Maryland buys land amid budget crunch
Today the governor is announcing a batch of land purchases through the state's preservation program -- expected to total between $60 million and $70 million. That's coming at the same time that the governor is talking about the need for major budget cuts and likely the first furlough of state employees since the early 1990s. Talk about awkward timing!
The budgetary answer for why this isn't completely nuts is that the land preservation funds come from a dedicated pot of money generated through real estate transfer taxes, and the cuts and furloughs are meant to address an expected shortfall in the general fund. Moreover, it makes sense to buy land when real estate prices are dropping. Nonetheless, I can already imagine the Grinch-who-stole-Christmas press release coming out of the legislature's Republican caucus.
So why go forward with the land purchase when the state's in so much financial trouble?

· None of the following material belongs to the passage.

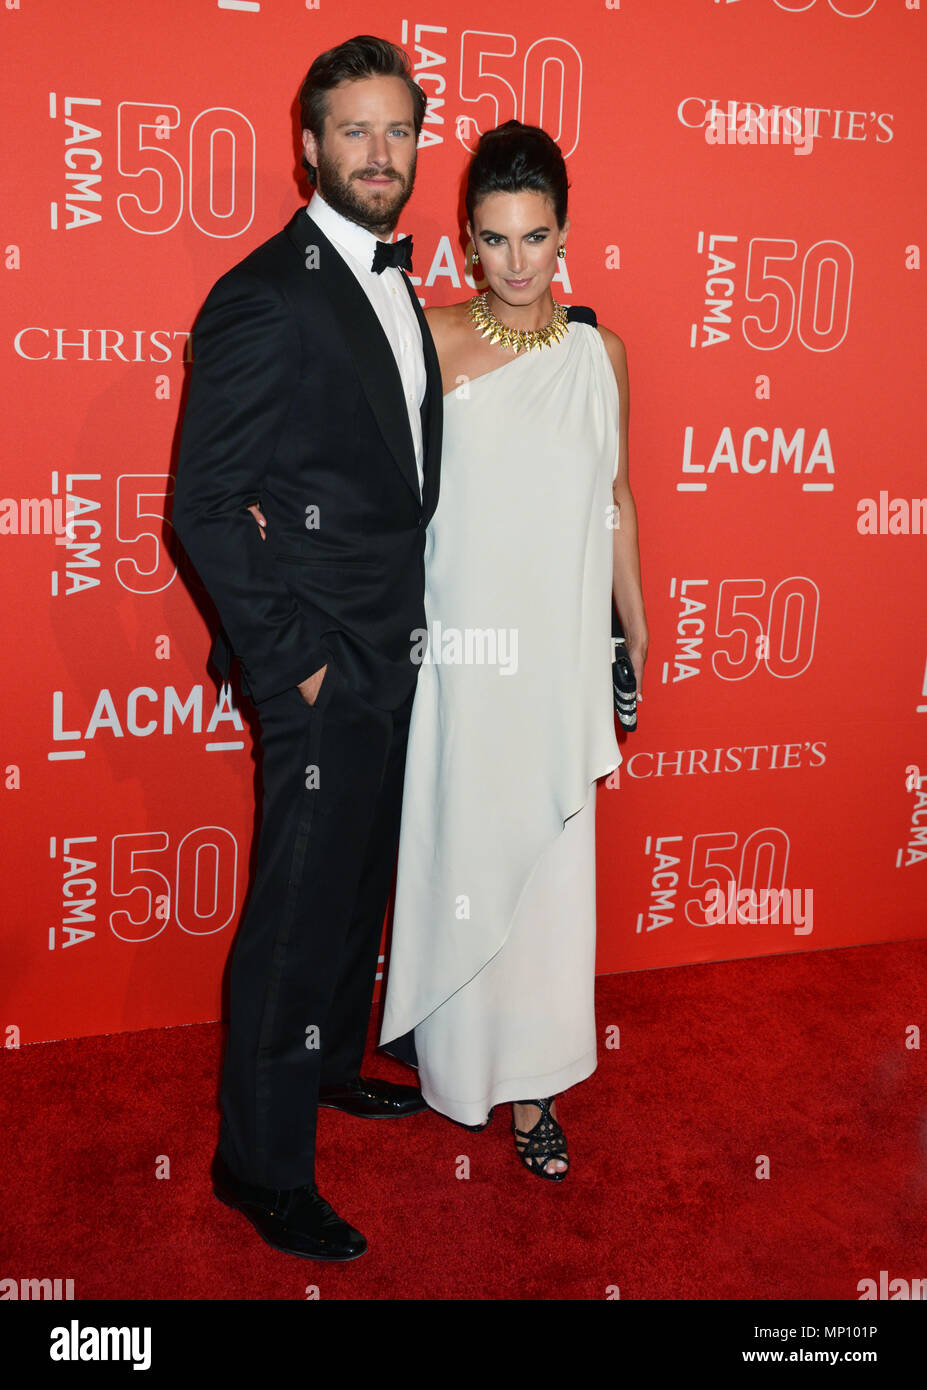 Armie Hammer and Wife Elizabeth Chambers 051 at the  LACMA 50th Ann. Gala 2015 at the LACMA Museum in Los Angeles. April 18, 2015.Armie Hammer and Wife Elizabeth Chambers 051 ------------- Red Carpet Event, Vertical, USA, Film Industry, Celebrities,  Photography, Bestof, Arts Culture and Entertainment, Topix Celebrities fashion /  Vertical, Best of, Event in Hollywood Life - California,  Red Carpet and backstage, USA, Film Industry, Celebrities,  movie celebrities, TV celebrities, Music celebrities, Photography, Bestof, Arts Culture and Entertainment,  Topix, vertical,  family from from the ye Stock Photo

Whatever the short term political hit, it does contribute to a very conscious effort by the O'Malley adminsitration to address problems differently than the Ehrlich administration did. During its tough budget times, the Ehrlich administration raided state open space funds (and transportation funds and whatever other funds they could find) as part of an effort to avoid at all costs raising the income or sales tax. Beyond not buying new land, Ehrlich famously (and unsuccessfully) attempted to sell off some of the land the state already had.
O'Malley sharply criticized Ehrlich for those moves during the 2006 campaign, saying his Republican predecessor was robbing Peter to pay Paul in an effort to avoid hard choices. O'Malley, on the other hand, appears to take some perverse pleasure in cultivating an image of someone who tackles problems head on, whatever the cost. Thus, using open space funds for something other than open space is not the kind of thing he'd do.
In 2006, back when things were going relatively well, Maryland voters picked O'Malley's approach over Ehrlich's. How things will look in 2010 is anybody's guess.